I agree it has some serious flaws that have been mentioned in negative reviews, such as political and social beliefs intruding where they do not really belong. (Well, he's a psychologist, not a linguist, so I don't expect anything different.)
Still, the book is quite fascinating and contains some very compelling analysis. In particular, I find his dissection of political (or perhaps better, politically correct) speech of various groups to be well worth reading.
But what is most fascinating to me is the analysis of what I think of as "subconscious grammar." My personal favorite example of what Pinker is explaining here is when my Russian-born cleaning lady scares my cat with the vacuum and says "He is scary." (I answer, "No, the vacuum is scary, Tashi is scared.") What is there in our brains that figures out that "scary" is what emanates from elsewhere, but "scared" is what we feel?

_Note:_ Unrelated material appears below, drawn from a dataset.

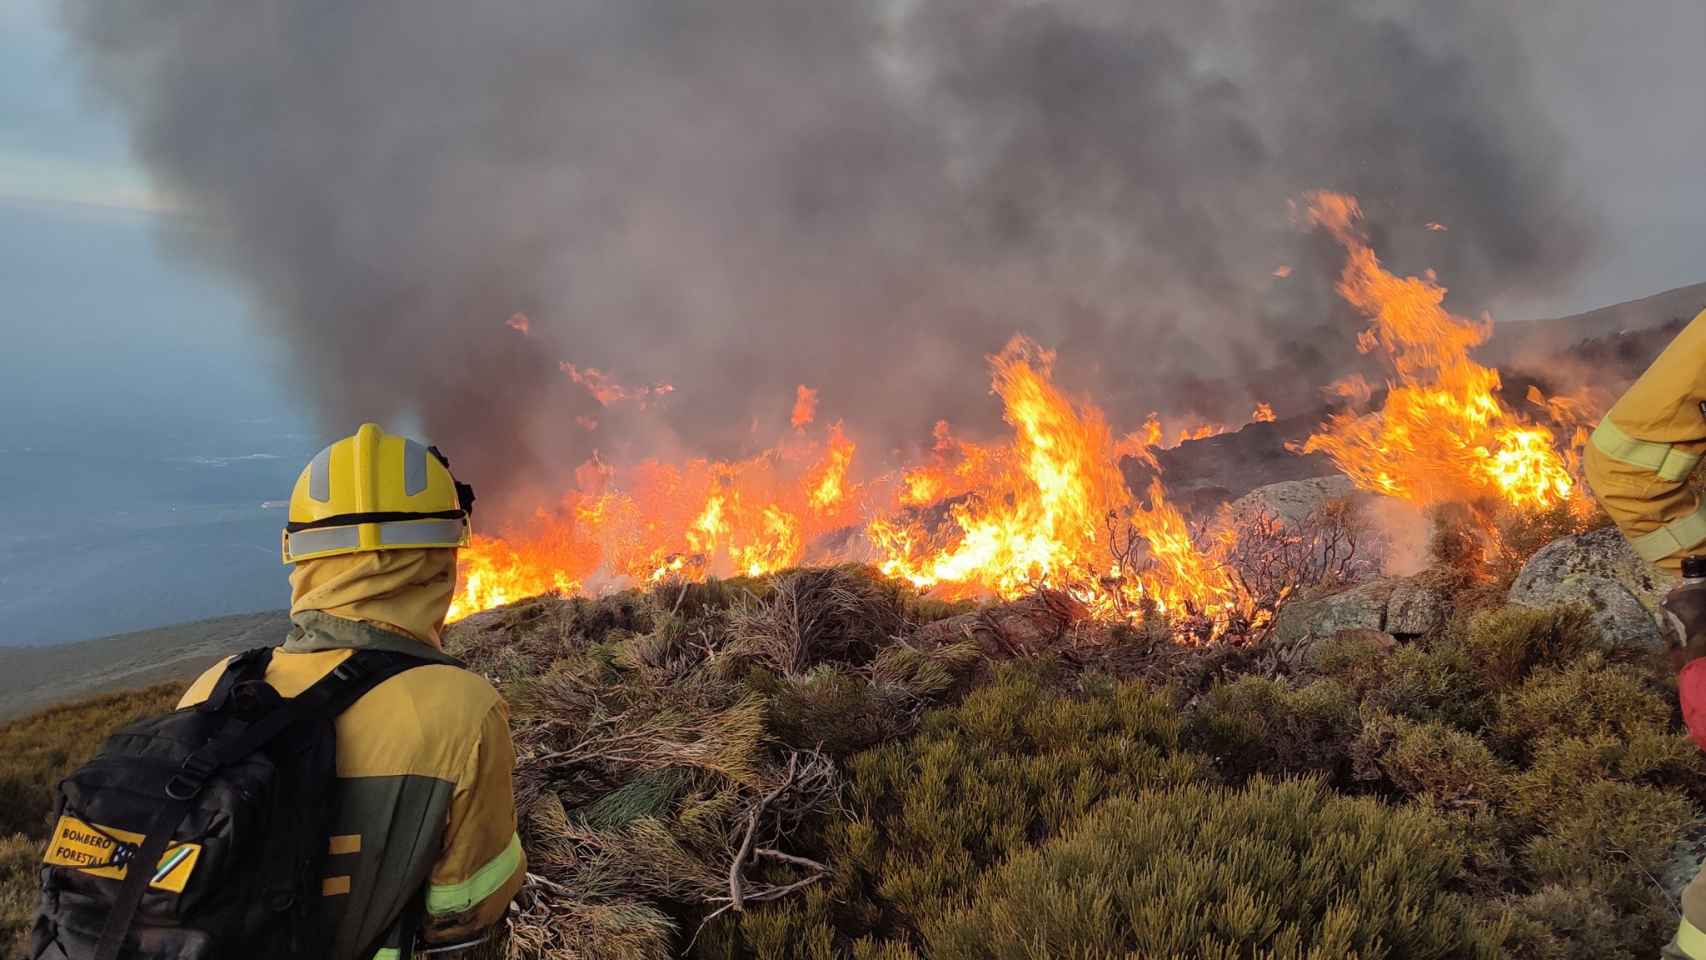 Labores de extinción del incendio forestal de Candelario

Why is it that in German I would say "She came back to her home town" (even though I am not in her home town and never have been, but for her it is "homecoming"), but in English I am supposed to say "She went back to her home town" because she moved somewhere other than towards me?
For anyone fascinated by this sort of linguistic analysis, this book is valuable and interesting.
I also enjoyed the analysis of "slow evolution" -- the fact that we humans change our environment much faster than our brains can evolve to cope with current circumstances. He says nothing new and startling here, I think, but as always with Steven Pinker, his detailed examples and apt analogies make the subject matter come alive.
If, like me, you don't need the political stuff or the overly explicit analysis of cursing, just skim over that.
  Good but dense September 30, 2008 I am a Pinker fan and I enjoyed this book but it is closely written with much detailed linguistic background to support Pinker's ideas on the relation between cognition and language. Entertaining sections include the one on dirty words and his critique of Fodor's "Extreme Nativism":
"Fodor is a brilliant, witty, and pugnacious scholar who, among other things, helped to lay the conceptual foundations for cognitive science and to develop the scientific study of sentence comprehension.5 His notorious theory that we are born with some fifty thousand innate concepts (a conventional estimate of the number of words in a typical English speaker's vocabulary) makes an appearance here not as a player in the nature-nurture debate but as a player in the debate over how the meanings of words are represented in people's minds. In the preceding chapter, I proposed that the human mind contains representations of the meanings of words which are composed of more basic concepts like "cause," "means," "event," and "place." Fodor begs to differ. He believes that the meanings of words are atoms, in the original sense of things that cannot be split. ......"
  Pinker overrated September 12, 2008 2 out of 12 found this review helpful
Pinker is a walking repository and critic of the ideas and written expressions of others, and he's the man to explain, say, Chomsky to you (if you can stomach it), but he's stuck in academdom. Everything I have experienced Steve saying somehow disappoints me--it's fluffed up, and can be condensed into smaller packs of information. He seems, perhaps innately, to be constructing an impenetrable wall of unnecessary denseness in an effort, woont u kno it, to simplify and clarify "language". The result is gunk in the engine of communication.
  Great book that covers the most important part of linguistics September 8, 2008 2 out of 2 found this review helpful
The Stuff of Thought is a book that covers the interaction between language and reality. I've read some other books on linguistics, but I found this to be the most interesting. Part of it is the fact that Pinker is a good author that bridges the gap between popular science and real research. The other part is that I think that semantics is the most important, and interesting part of linguistics.
Steven does a great job of presenting his views on how language shows us the inner workings of the brain, and I think he makes a very strong, and interesting, case.